This situation is a really big gotcha for regular expressions. When doing an m//g global match, m//g will NOT proceed until the end of the string by itself. This is intended behavior. An m//g match will only match the first occurrence, return true, and will not continue searching until the end of the string.
If you want an m//g global match to continue to the end of the string, you have to put it in a while loop like so...
while( m/\[(.*?)\]/g ){ print "$1\n"; }
The way this works is an m//g match will return true until it no longer matches. After it no longer matches it will return false and the loop will break. Behind the scenes Perl keeps a pos value for each string. After a match, the pos value is updated to the position directly after the match. The next iteration of the while loop will begin searching from this position.
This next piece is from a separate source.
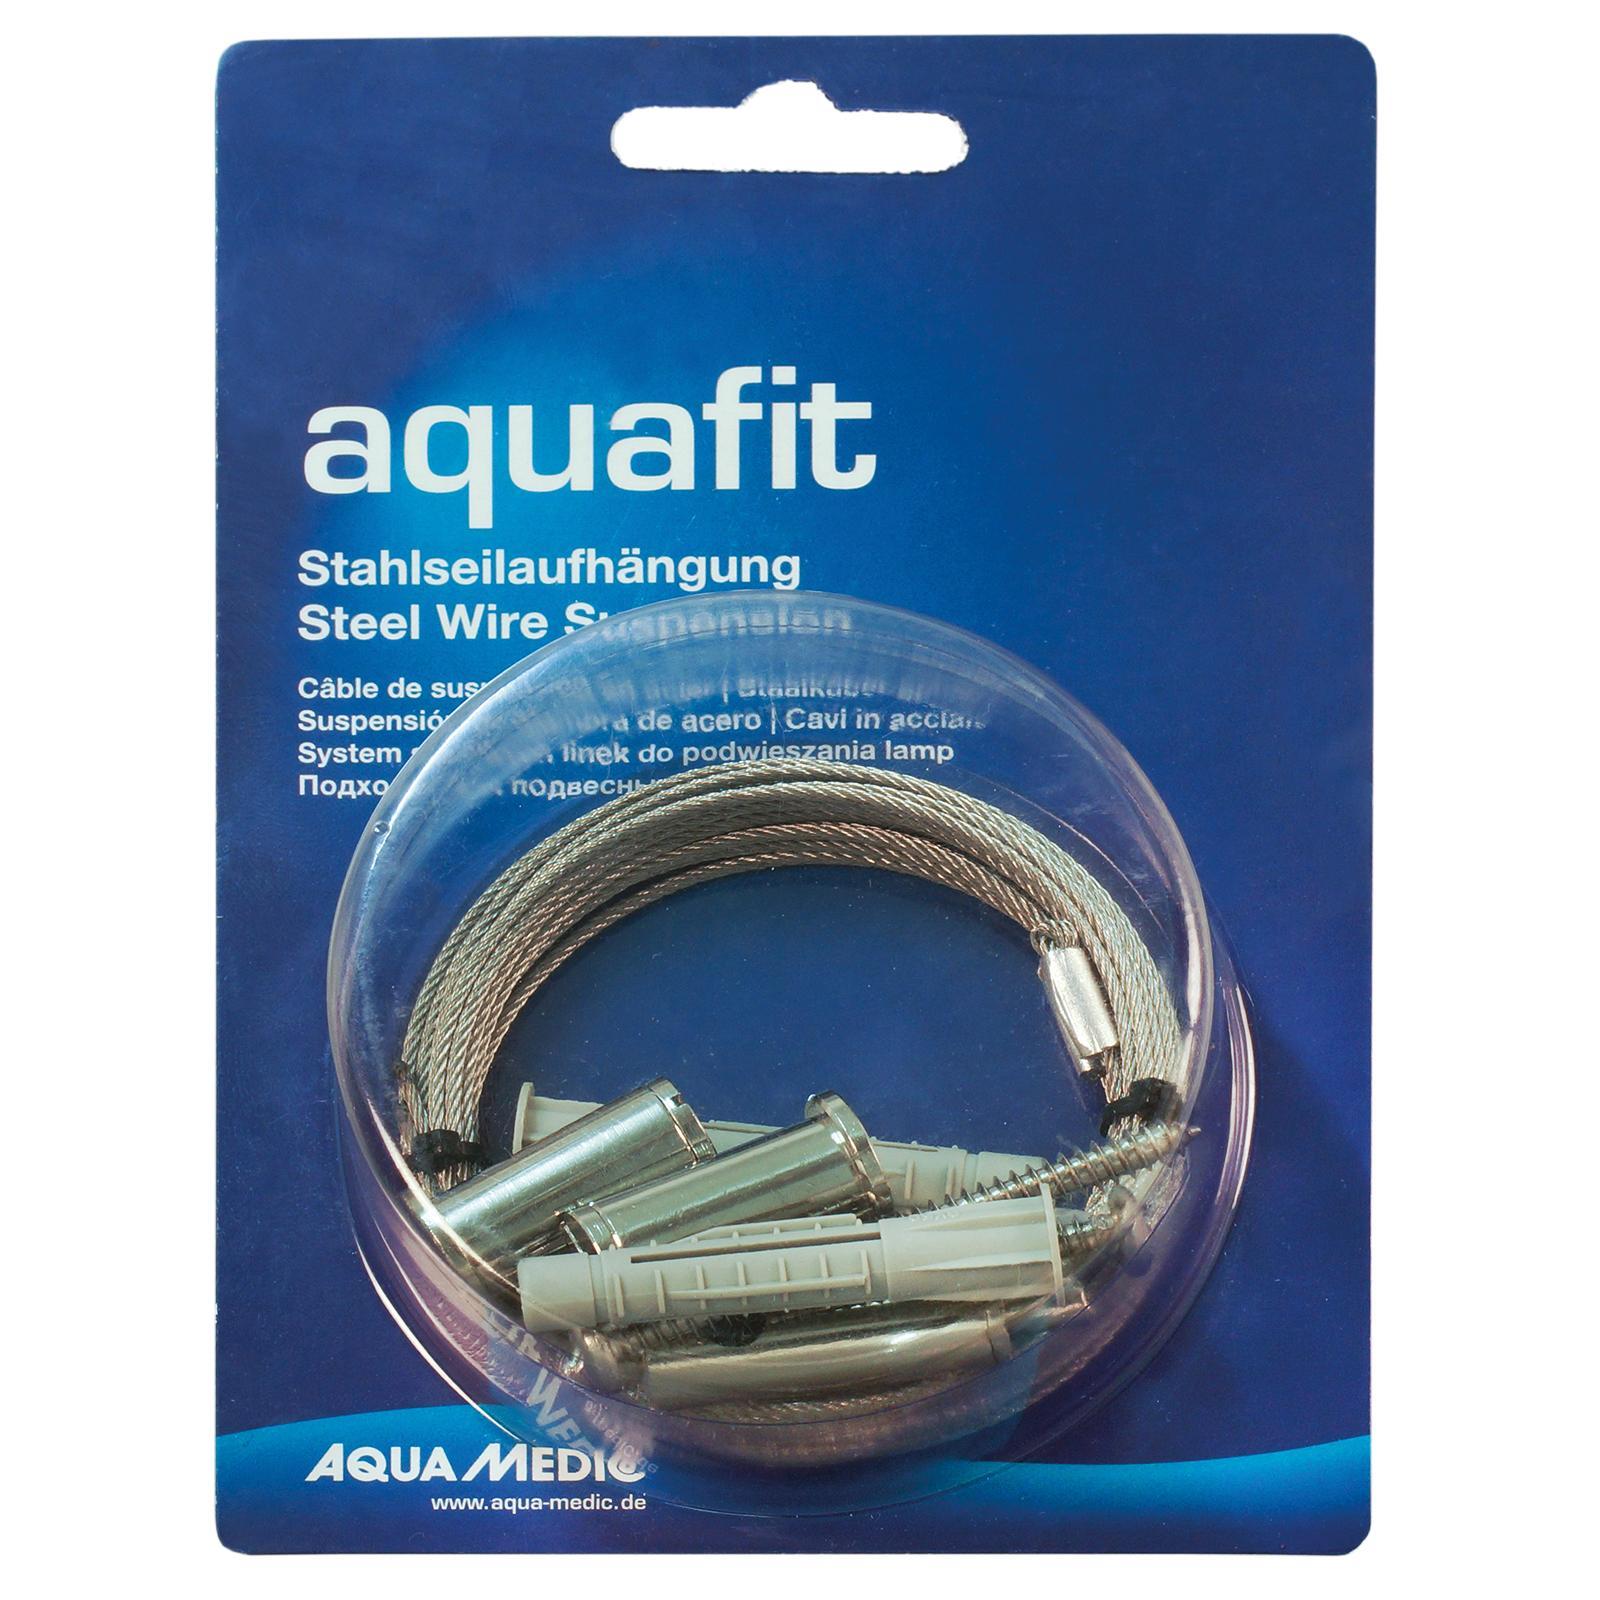 Aqua Medic aquafit

After a failed match, the pos value will reset to 0.
Here is the code illustrating this process, and showing how the pos value is working behind the scenes...
#!/usr/bin/perl -w
my @strings = ("[a][b][c] good bad","[d] apple","[e][f] mango ","[g] capgemini",
"[h] then text [i]", "text first [j][k][l]",
"[more][than][one][letter]","[more than one word]");
for(@strings){
my $i = 1;
my $p = 0;
print "$_:\n";
while( /\[(.*?)\]/g ){
print "\titer: $i\tpos: $p\ttext: \"$1\"\n";
$p = pos; #pos value changes after each m//g global match
#the next m//g match on this string will always start from this position
$i++;
}
print "\n";
}
Output looks like this...
$ perl global.match.pl
[a][b][c] good bad:
iter: 1 pos: 0 text: "a"
iter: 2 pos: 3 text: "b"
iter: 3 pos: 6 text: "c"
[d] apple:
iter: 1 pos: 0 text: "d"
[e][f] mango :
iter: 1 pos: 0 text: "e"
iter: 2 pos: 3 text: "f"
[g] capgemini:
iter: 1 pos: 0 text: "g"
[h] then text [i]:
iter: 1 pos: 0 text: "h"
iter: 2 pos: 3 text: "i"
text first [j][k][l]:
iter: 1 pos: 0 text: "j"
iter: 2 pos: 14 text: "k"
iter: 3 pos: 17 text: "l"
[more][than][one][letter]:
iter: 1 pos: 0 text: "more"
iter: 2 pos: 6 text: "than"
iter: 3 pos: 12 text: "one"
iter: 4 pos: 17 text: "letter"
[more than one word]:
iter: 1 pos: 0 text: "more than one word"
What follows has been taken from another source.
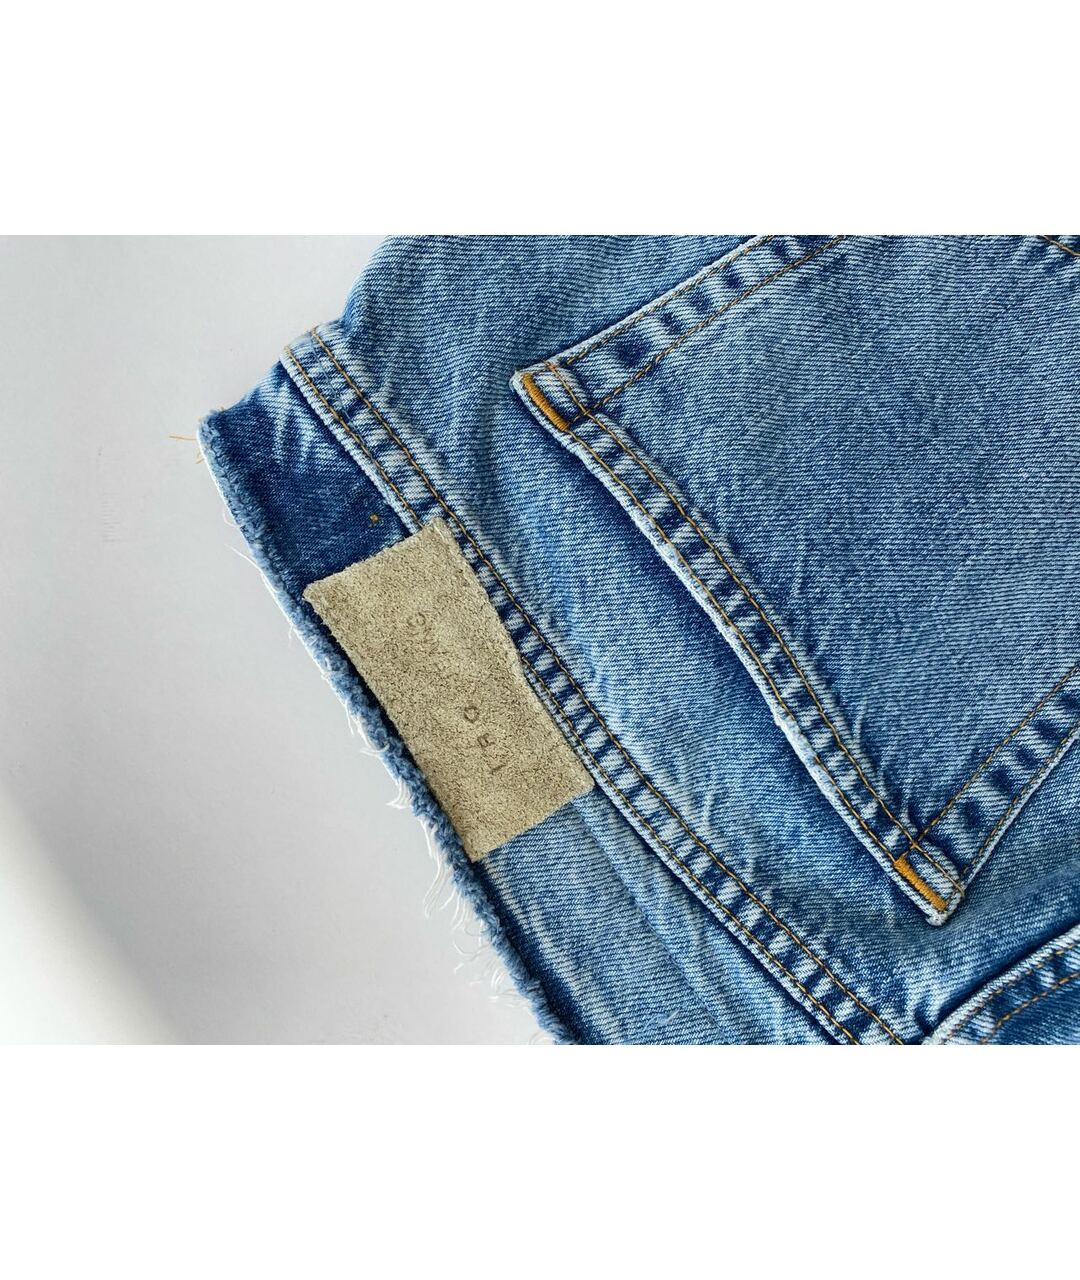 IRO Голубые хлопковые джинсы слим, фото 3

This is a frustrating bug to find because most people are unaware of pos and what it does. The way this works means every m//g search has side effects. Basically the pos value is changing behind the scenes and will produce unexpected behavior if you are unaware of how this works. If the pos value has changed, and you want to reset the value to the beginning of the string, you would have to use the rather strange looking syntax...
pos($string) = 0;
This situation is not exactly intuitive, but using the above while loop syntax will probably get the results you were intending. Note that an s///g global match WILL automatically proceed to the end of the string. So m//g and s///g behave slightly differently, which adds to the confusion.
Here is some documentation about the pos variable from perldoc -f pos
$ perldoc -f pos
pos Returns the offset of where the last "m//g" search left off for
the variable in question ($_ is used when the variable is not
specified). This offset is in characters unless the
(no-longer-recommended) "use bytes" pragma is in effect, in
which case the offset is in bytes. Note that 0 is a valid match
offset. "undef" indicates that the search position is reset
(usually due to match failure, but can also be because no match
has yet been run on the scalar).
"pos" directly accesses the location used by the regexp engine
to store the offset, so assigning to "pos" will change that
offset <cut>
That should clear up the confusion some. If you work with regular expressions long enough, you will eventually run into this problem.
{ }?